*** Data for review Section Begins ***
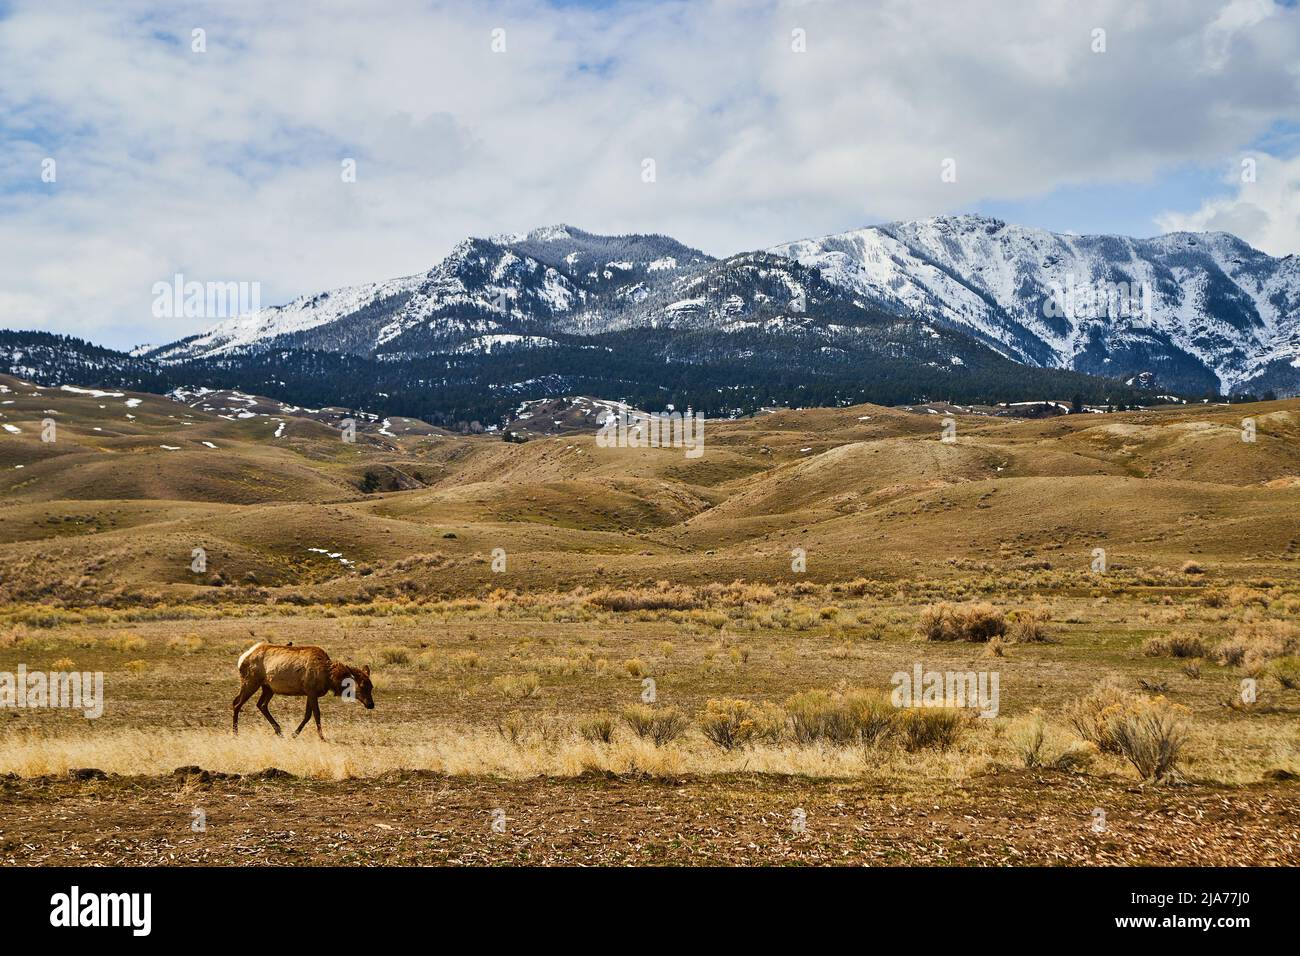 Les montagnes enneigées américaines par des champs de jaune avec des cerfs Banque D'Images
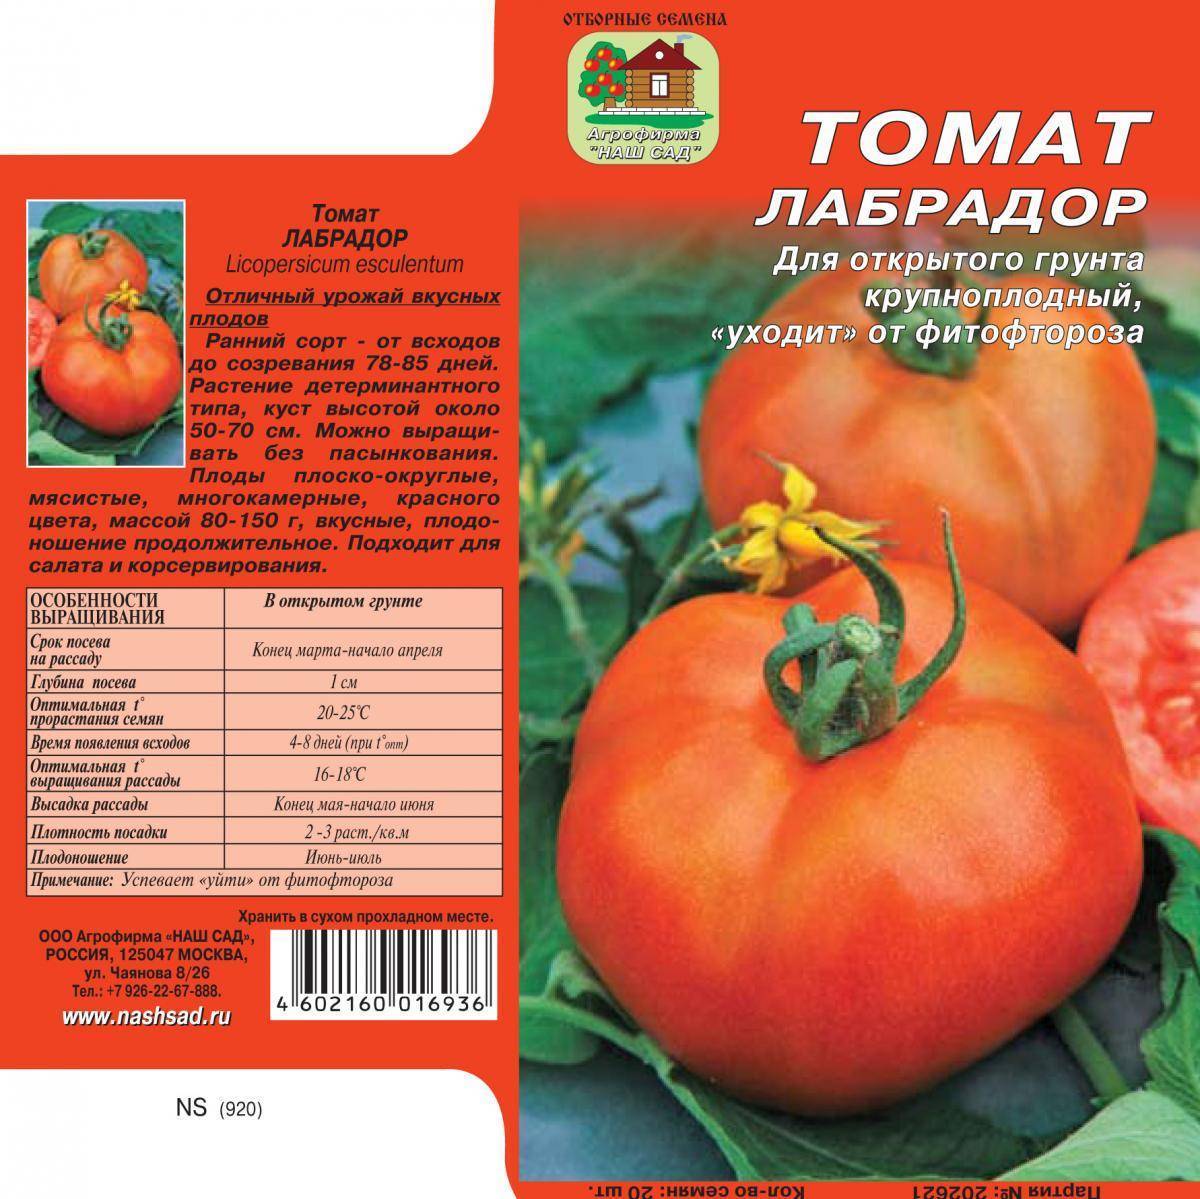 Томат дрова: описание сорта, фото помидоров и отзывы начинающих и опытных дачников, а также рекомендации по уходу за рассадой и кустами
*** Data for review Section Ends ***
*** Data for review Section Begins ***
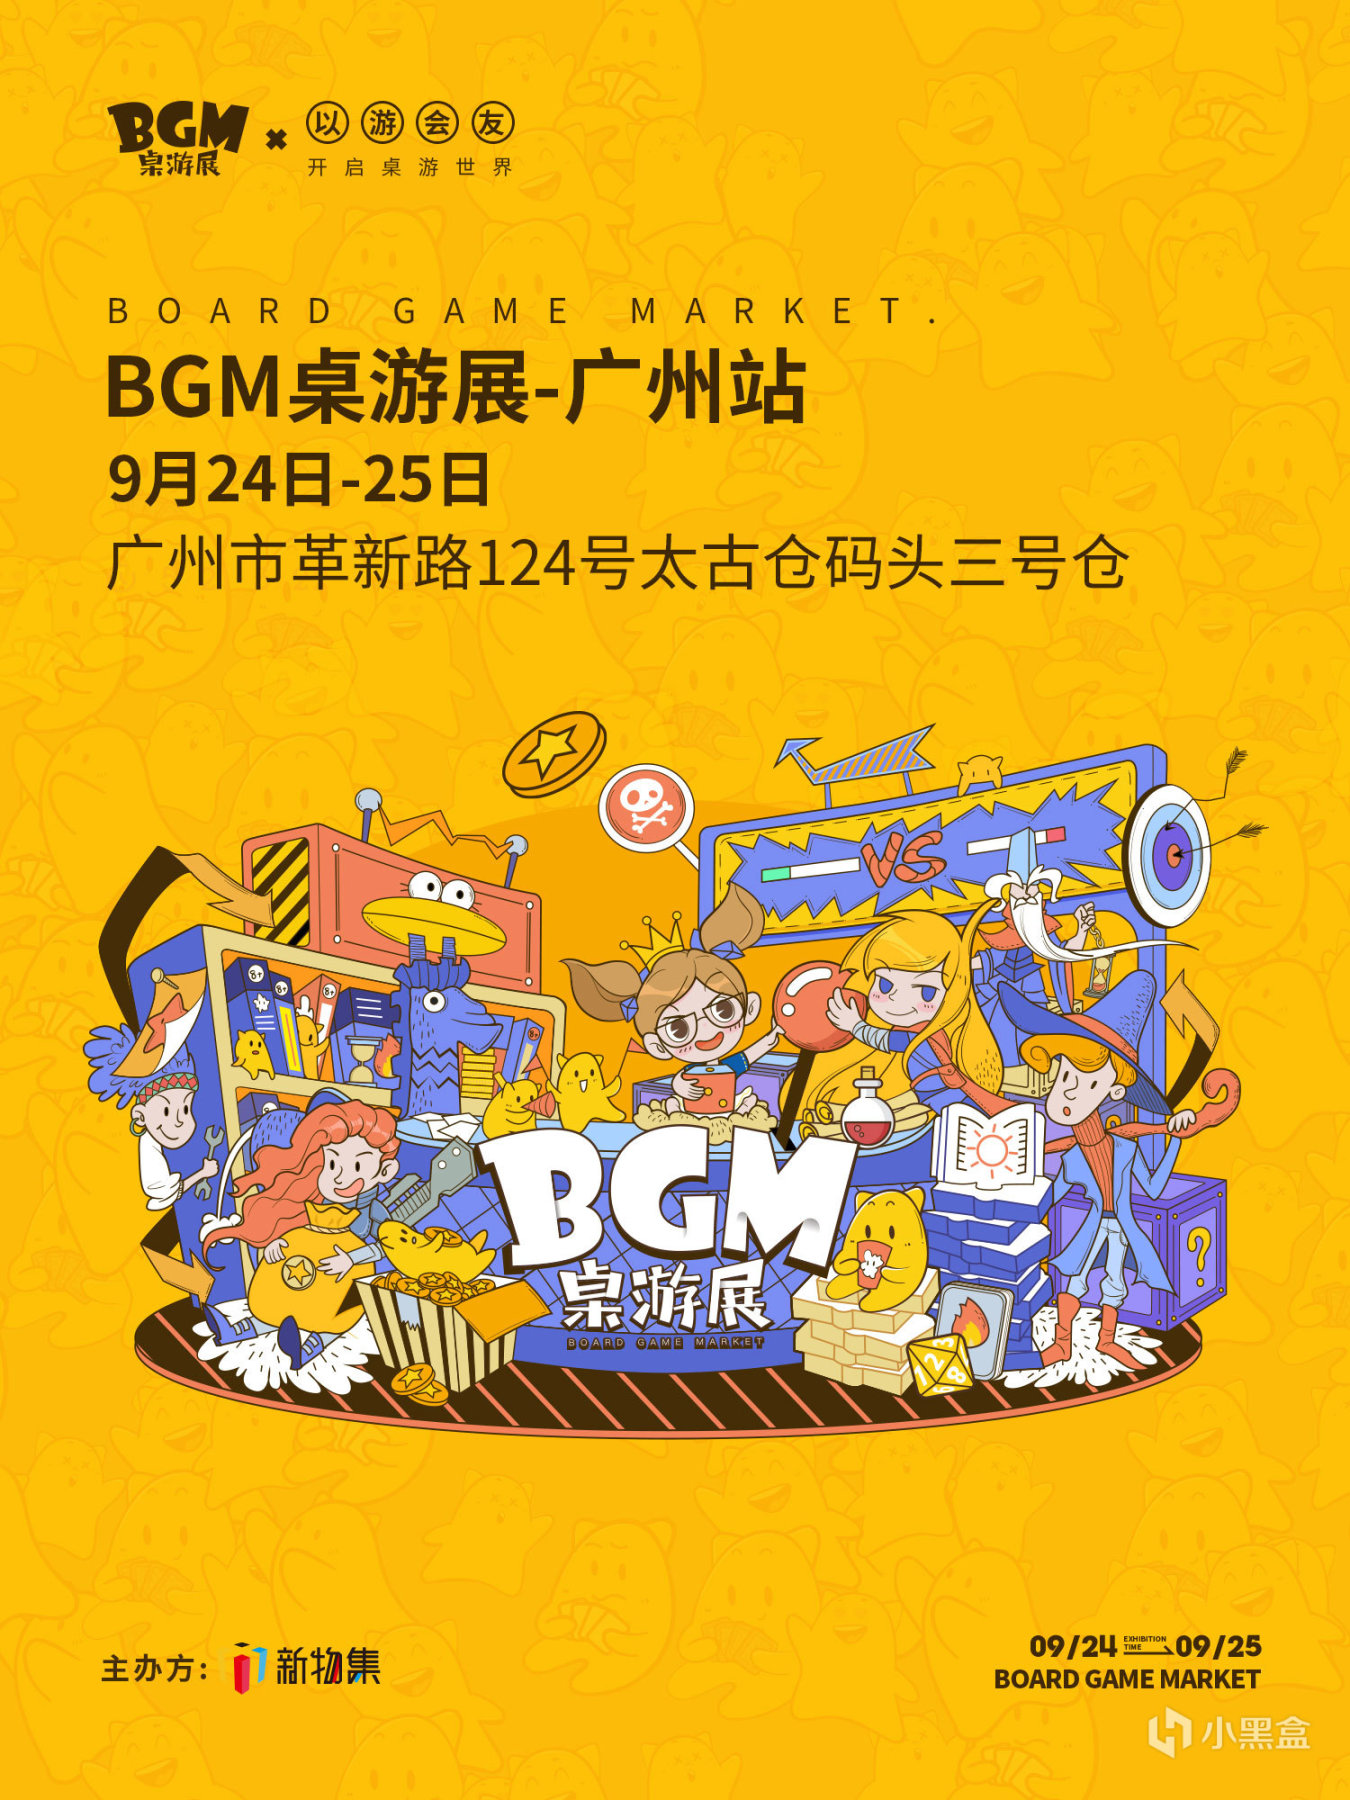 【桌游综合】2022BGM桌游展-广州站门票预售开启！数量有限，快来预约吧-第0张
*** Data for review Section Ends ***
Task to complete:
Only one stretch of the data is wanted: write out exactly the lines from the one holding "Les montagnes enneigées" through the one holding "Томат дрова: описание", both included, without the pictures.

Exercise response:
 Les montagnes enneigées américaines par des champs de jaune avec des cerfs Banque D'Images
 Томат дрова: описание сорта, фото помидоров и отзывы начинающих и опытных дачников, а также рекомендации по уходу за рассадой и кустами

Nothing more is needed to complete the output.